The problem ::
Reproduce the listing below word for word and exclude any picture.
___ Data provided
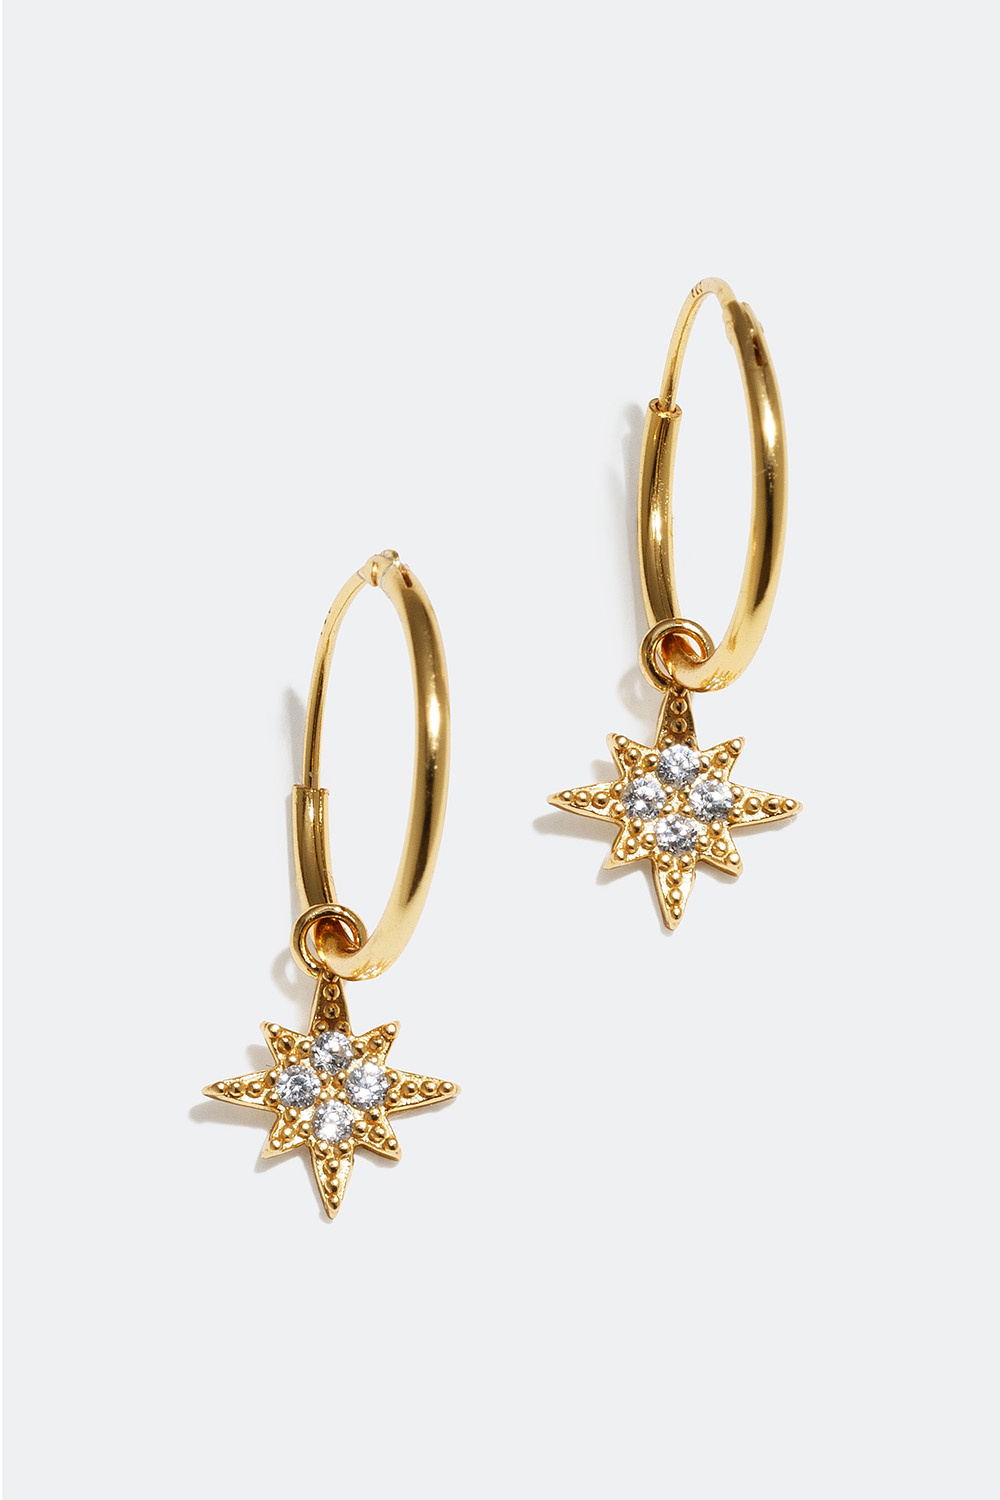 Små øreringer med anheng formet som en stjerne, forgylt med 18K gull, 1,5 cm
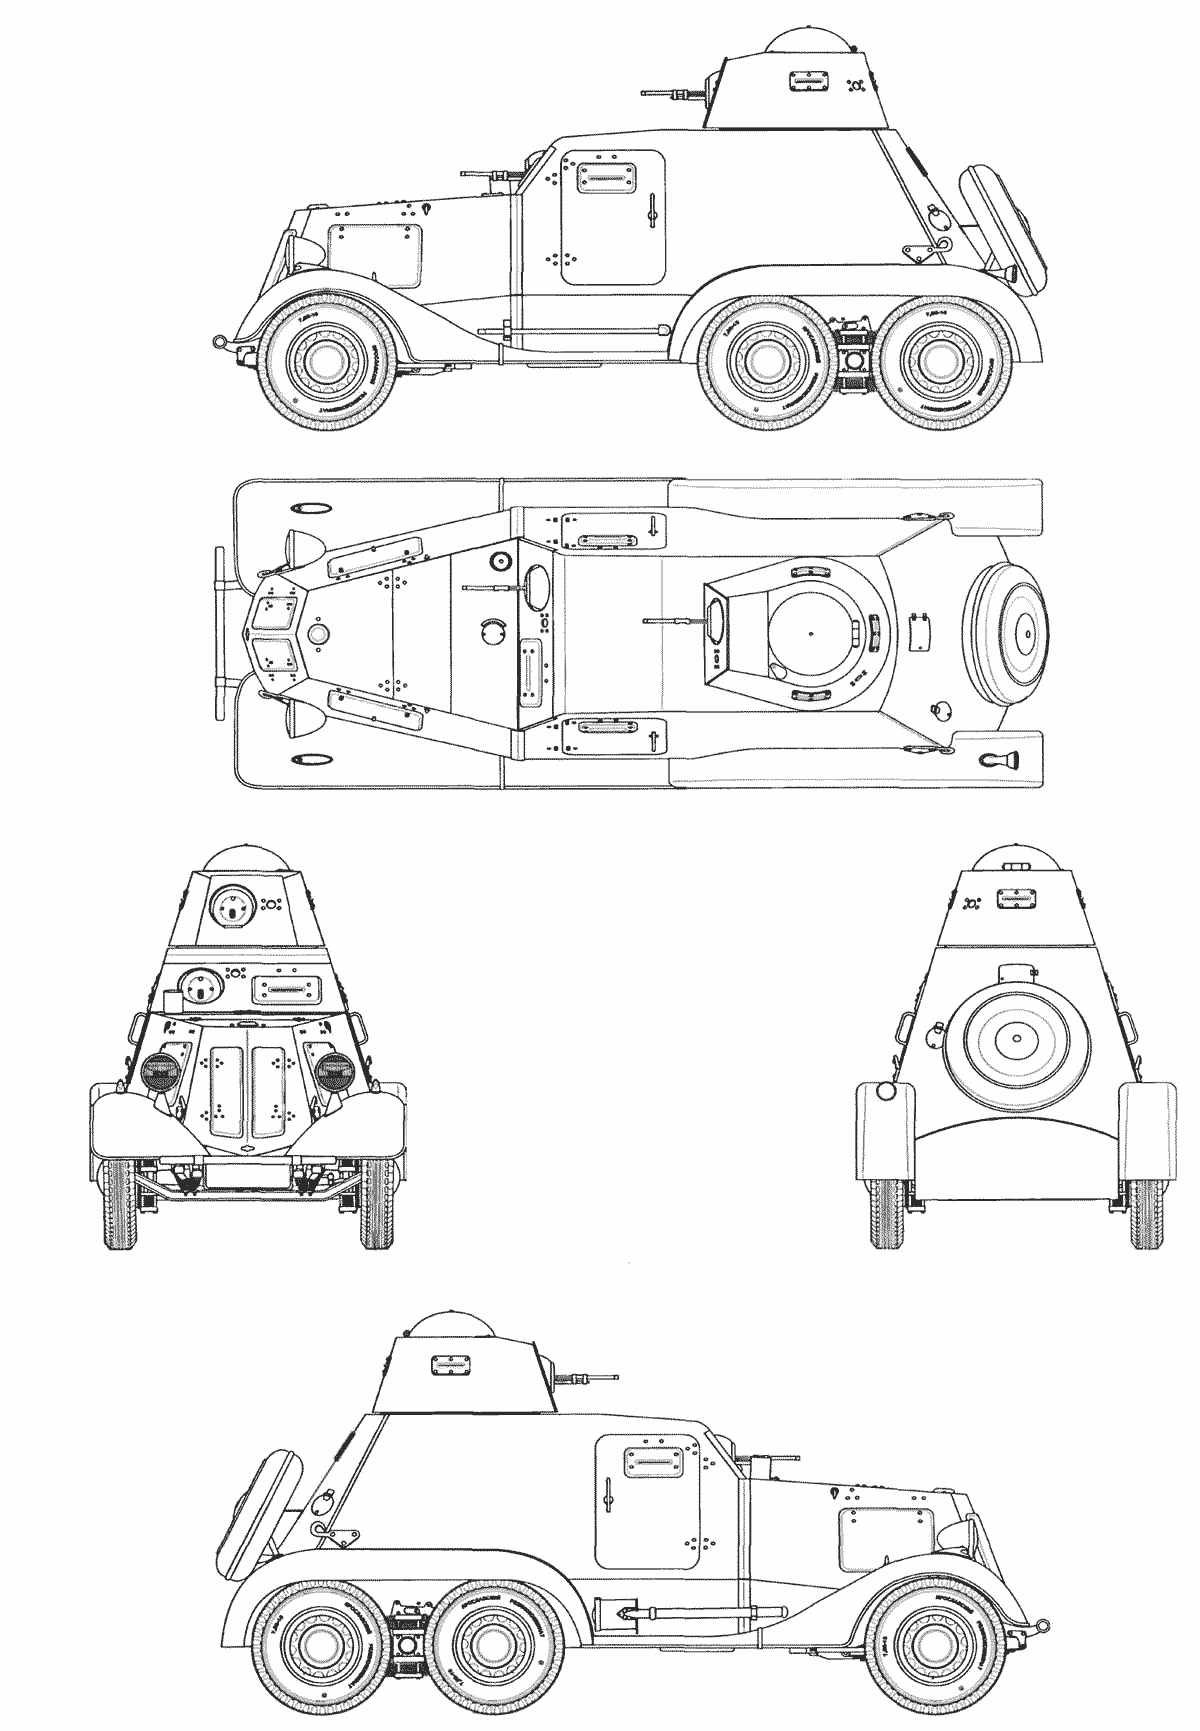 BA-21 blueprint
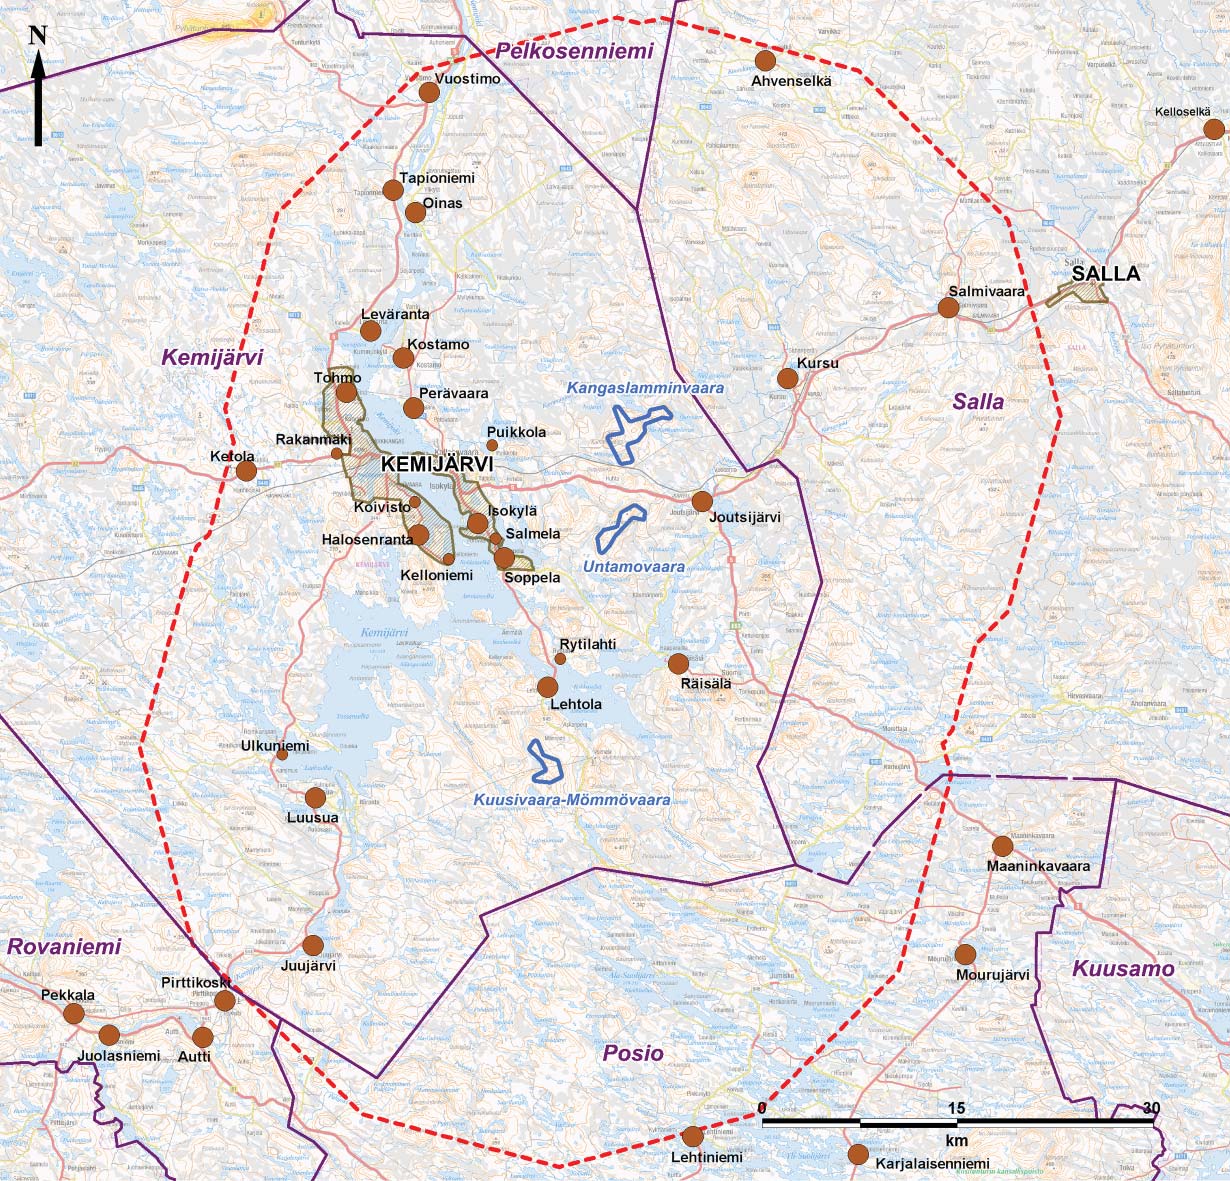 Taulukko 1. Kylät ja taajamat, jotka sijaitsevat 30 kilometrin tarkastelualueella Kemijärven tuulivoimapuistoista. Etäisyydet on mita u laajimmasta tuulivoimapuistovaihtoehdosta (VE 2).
______
Completed task ::
 Små øreringer med anheng formet som en stjerne, forgylt med 18K gull, 1,5 cm
 BA-21 blueprint
 Taulukko 1. Kylät ja taajamat, jotka sijaitsevat 30 kilometrin tarkastelualueella Kemijärven tuulivoimapuistoista. Etäisyydet on mita u laajimmasta tuulivoimapuistovaihtoehdosta (VE 2).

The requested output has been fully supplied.